Он в ту ночь долго не мог уснуть, наверно, от трех чашек черного кофе с коньяком: думал об Эмме и о себе, и собственная жизнь предстала перед ним скудной и жалкой, как деревня в конце осени, когда голы и неуютны и земля, и сады, и низкое бледное небо над ними, и дома, почерневшие под дождями. И в самом деле, какие радости знал он?

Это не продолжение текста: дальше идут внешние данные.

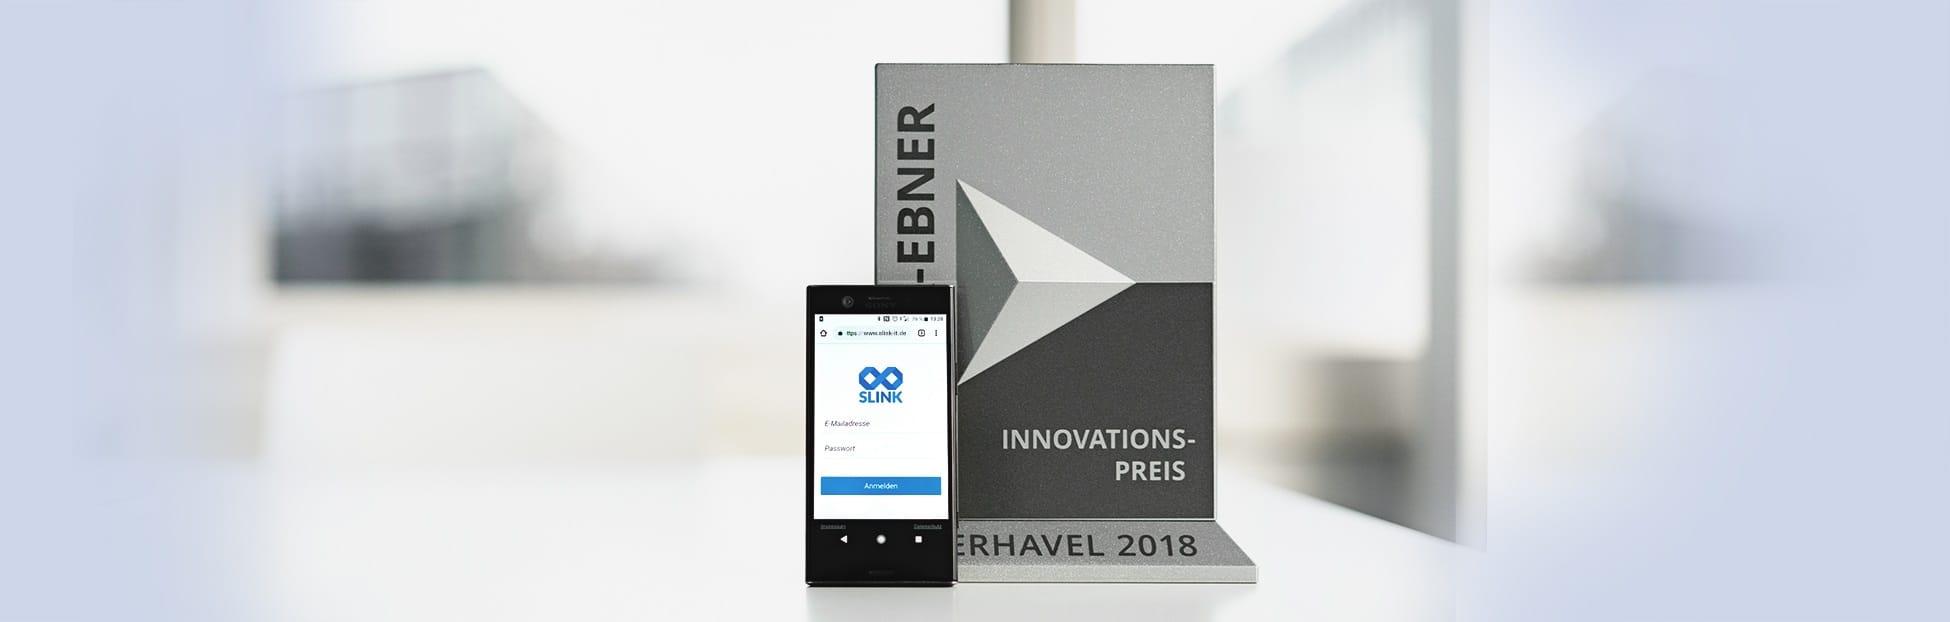 Slink - ausgezeichnet mit dem Lothar Ebner Innovationspreis
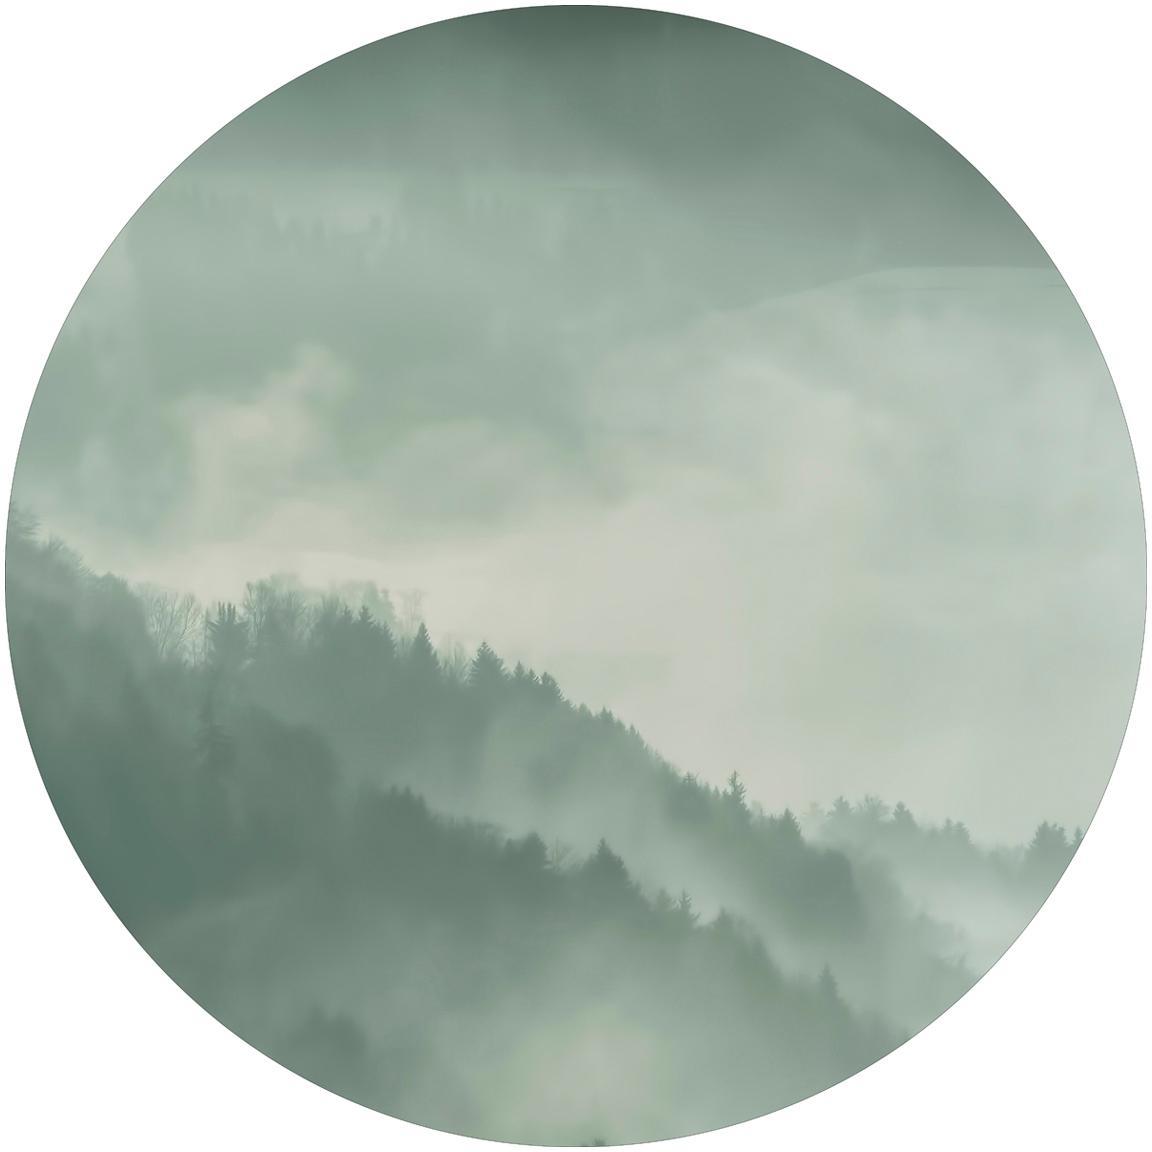 Wandbild Holy Land, rund, Mitteldichte Holzfaserplatte (MDF), bedruckt, Grau, Weiss, Ø 70 cm

Вырастая среди осиротевших на годы и годы женщин, стариков, детей, чьи руки и минуты не могли полежать спокойно, разве только в коротком глубоком сне, какой бывает после целого дня работы, он привык считать радостями то же, что и они: весточку с фронта, полное подполье картошки, которую зимой не поморозило, а весной не залило, удачно проданного телка, хорошо уродившиеся клевера, за счет одного труда доставшиеся сено и дрова, яростную грозу с градом, что над колхозным полем взяла вдруг, милая, и повернула на бибиревскке леса; урожайную осень, удачную рыбалку, обнову какую-нибудь, выкроенную из старой отцовской одежды… Чего много было в его детстве и юности — так это заботы. Навалом было ее и у братьев его, и у сверстников. Мальцом еще убирал за скотиной, которой был полон двор, таскал воду от колодца, сначала в бидонах, потом в ведрах, копал неподатливую после зимы, глинистую землю под картошку, подавал старшим дранку на крышу, проворно, как обезьяна, поднимаясь и спускаясь по приставной лестнице, навивал стога в горячие июльские дни… О каких-то там удовольствиях и думать было некогда, да и небогато было в деревне с удовольствиями. После семилетки запустили его в колхоз, там та же работа, но и дома от забот не освободили, даже добавили, поскольку вырос, мог и потяжельше дела поднять. Во всех фряньковских семьях было так: один на фабрику шел — чистые деньги приносил, а другой за трудодни работал, и жила тогдашняя деревня как бы на трех опорах — колхоз, фабрика, личное хозяйство, трудно и неутомимо добывая себе достаток, успевая еще и город кормить.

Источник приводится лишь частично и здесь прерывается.